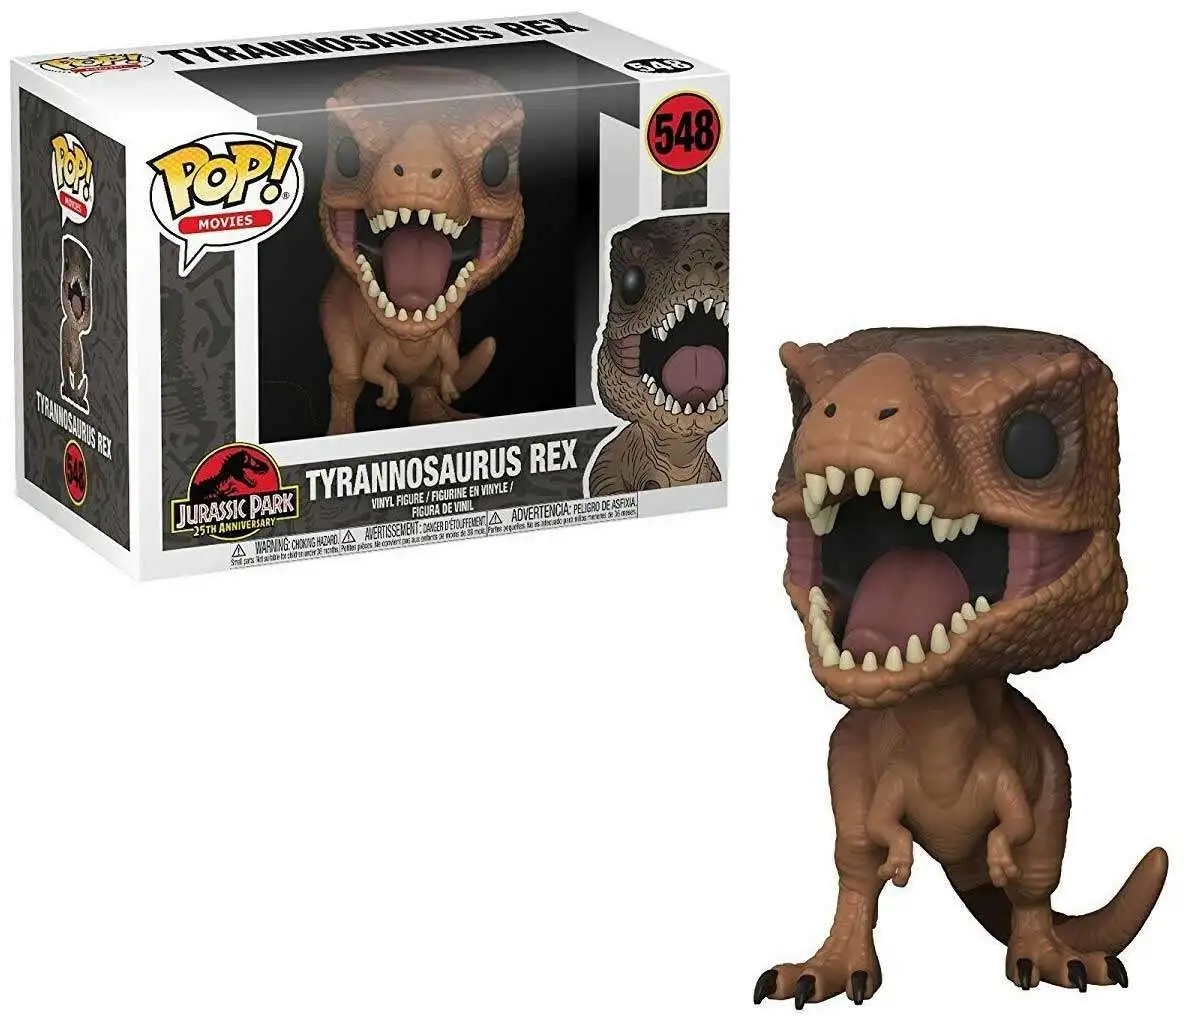 Jurassic Park Movie Tyrannosaurus Rex Vinyl POP Figure Toy #548 FUNKO NEW MIB 
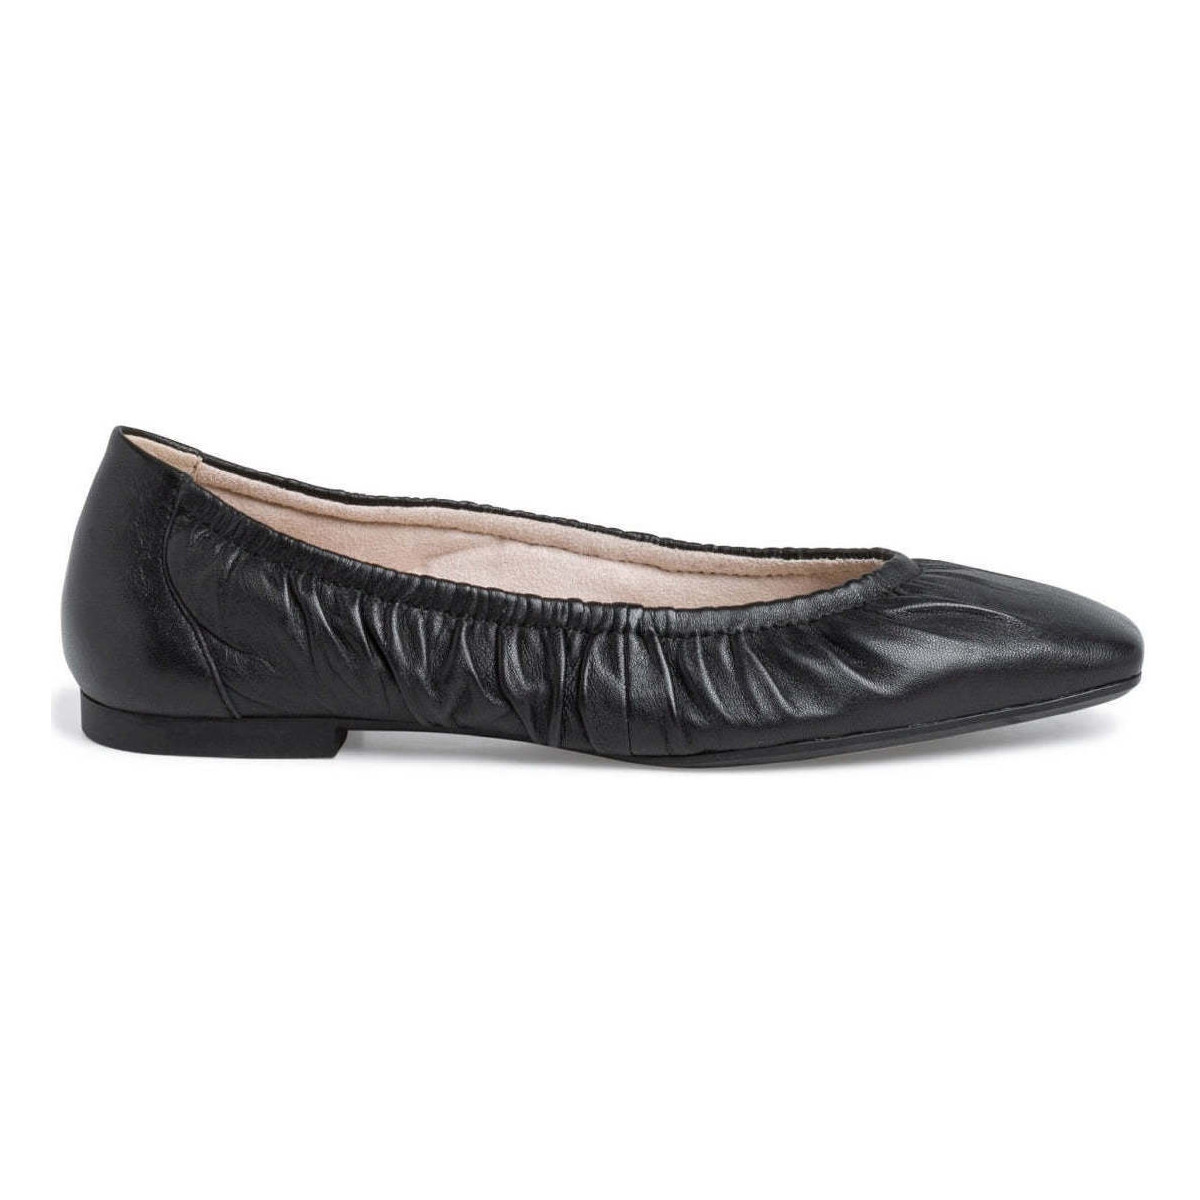 Chaussures Femme Ballerines / babies Tamaris black casual closed shoes Noir
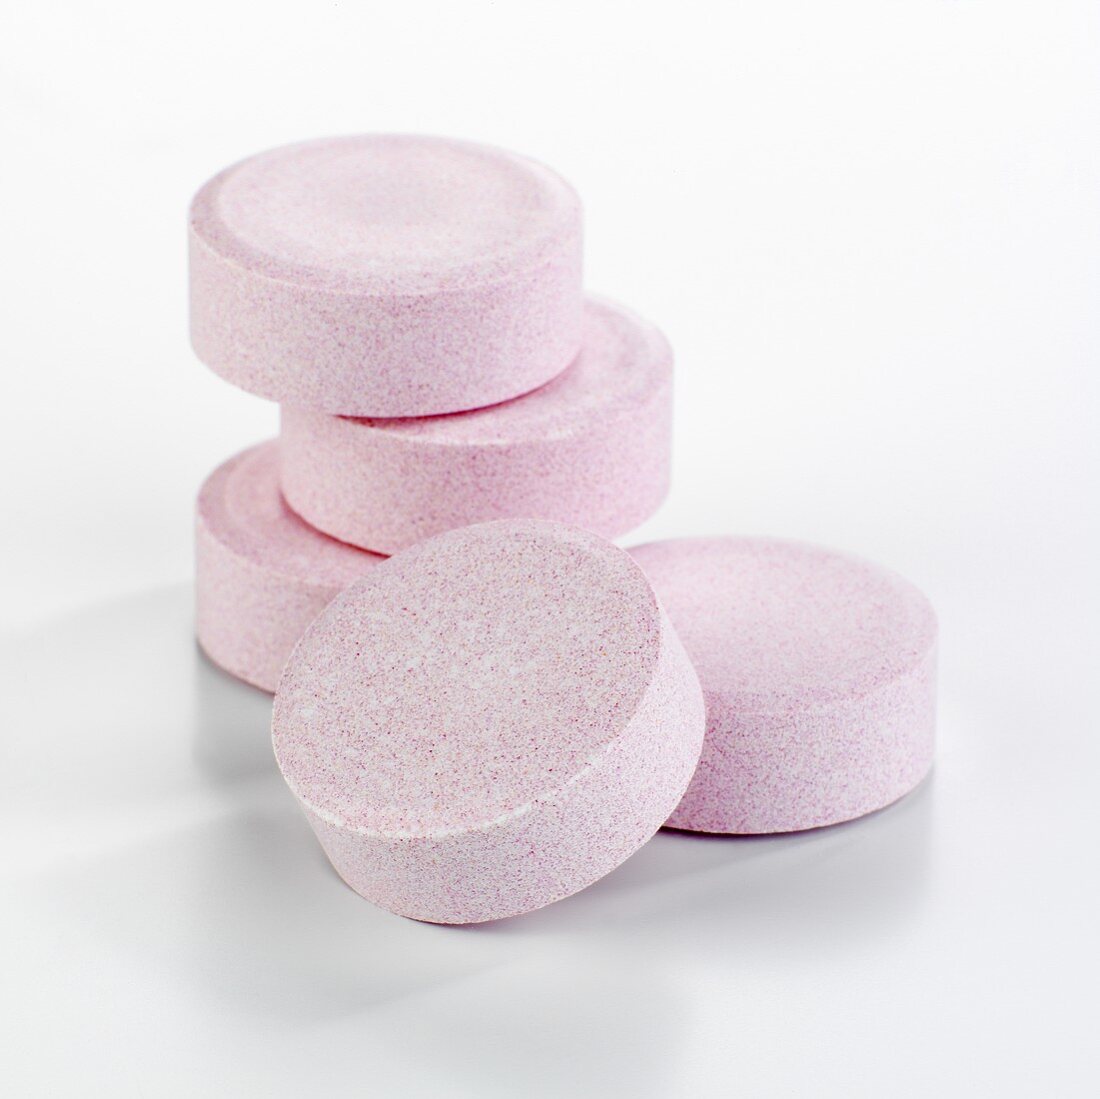 Five effervescent magnesium tablets

(WHAT NEEDS TO BE DONE): I'd like the data above duplicated exactly, with no pictures included.

(SOLVED EXERCISE):
 Jurassic Park Movie Tyrannosaurus Rex Vinyl POP Figure Toy #548 FUNKO NEW MIB 
 Chaussures Femme Ballerines / babies Tamaris black casual closed shoes Noir
 Five effervescent magnesium tablets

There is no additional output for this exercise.